B.S. Apparel Technical Design Students Present Final Prototypes
Students in the Bachelors of Science in Apparel Technical Design program recently presented their final group collection for their Prototype Development & Analysis class taught by FIDM Instructor Joy Somerville.
Their designs were displayed on dress forms as the students, one-by-one, gave Powerpoint presentations to a room of peers, instructors, family, and industry leaders. They spoke about the entire design process, covering not only their silhouette choices, but also their initial concept sketches, line sheets, colors, fabrications, and lessons learned.
Their cohesive collection, which they named Femme Mode, included dresses, jackets, blouses, bodysuits, and pants in lights, neutrals, and a stand-out gemstone blue, Pantone 19-4540, called Deep Lagoon.
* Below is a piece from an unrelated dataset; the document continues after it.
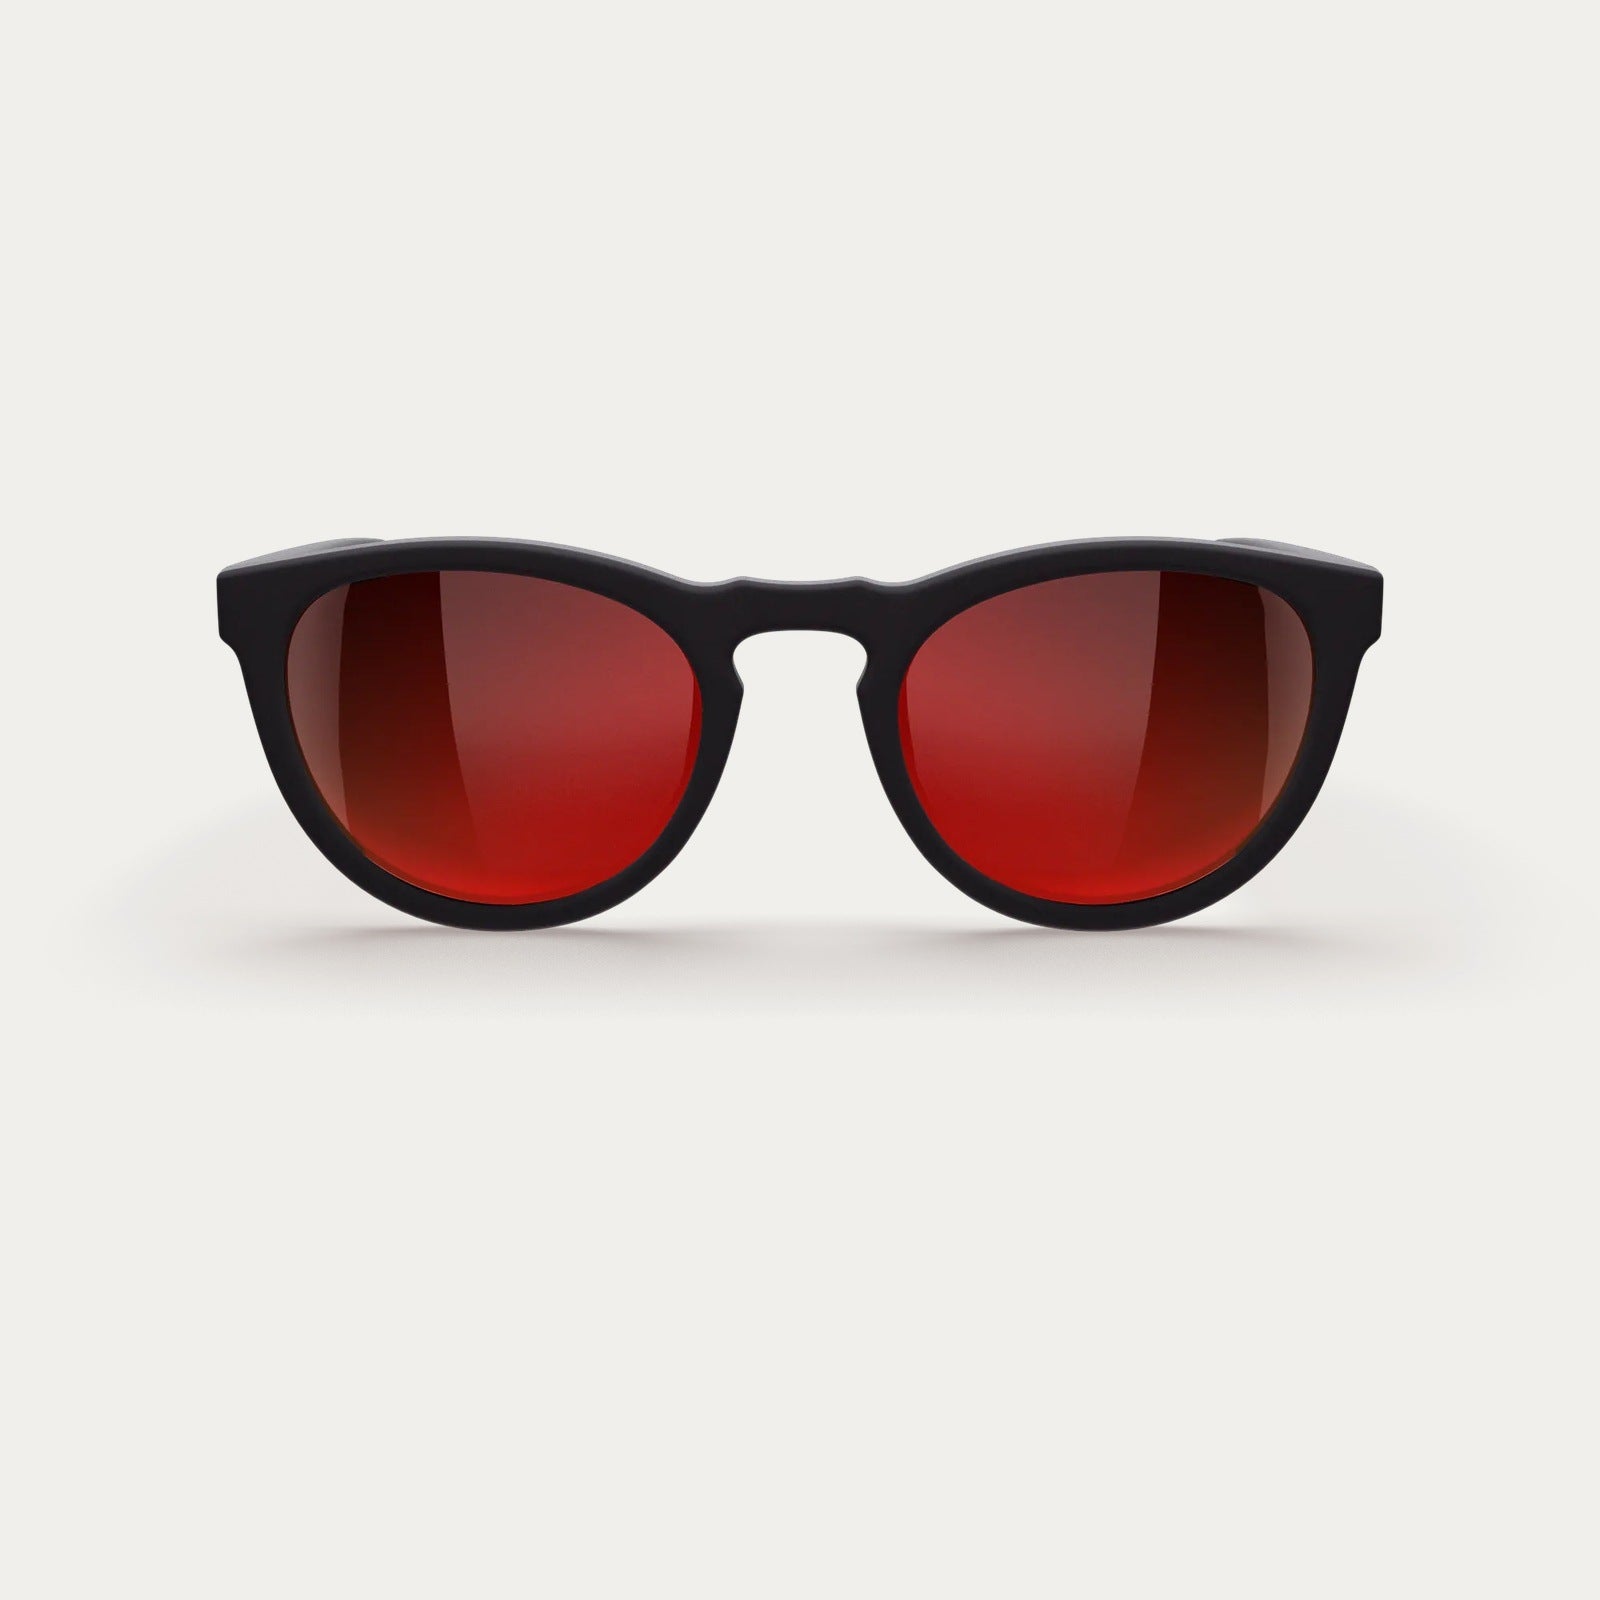 Unbreakable Sunglasses by REKS, Black SPORT with Blac-Red Mirror  Polycarbonate Lenses

The fabrics they chose were wool, linen, satin polyester, and woolen cashmere.
They presented their garment fit notes and explained corrections they had to make. For example, one student found that she had to increase the front rise on the pants to correct the fit. Another student explained that they had to adjust the back neck at the yoke of their bomber jacket design.
Department Chair Eva Gilbert pointed out that it was good that the students asked the fit model for their opinion during the fit session, explaining that models know a good fit since they are so immersed in it. She gave the example that Paige was a fit model before she started premium label Paige Denim.
Attending the presentation was Alissa Ochoa, a recruiter at 24 Seven creative recruitment agency, who encouraged the students to contact her when they’re ready to look for work.
In the Prototype Development & Analysis (MPDV 4700) capstone course, students design a garment of their choice to be executed to their specifications by a local sample maker. In the process, they exhibit their understanding of fabric selection and proper garment fit; they validate their ability to give detailed, precise and complete instructions (developed in previous pattern drafting and technical design classes) to produce a completed prototype; and they demonstrate their time management skills by adhering to schedules and meeting deadlines.
“It was great to work with a patternmaker,” said student Mason Segal, “because we were able to focus on the fit instead of the mechanics of patternmaking.”
Pictured above (left to right) are Bachelor’s students Jillian Flaherty, Mason Segal, Nikki Rusinovich, Wonny Shin, Nathan Phan, Melissa Moreno, Kyleen Pray, and Haley Schaeffer.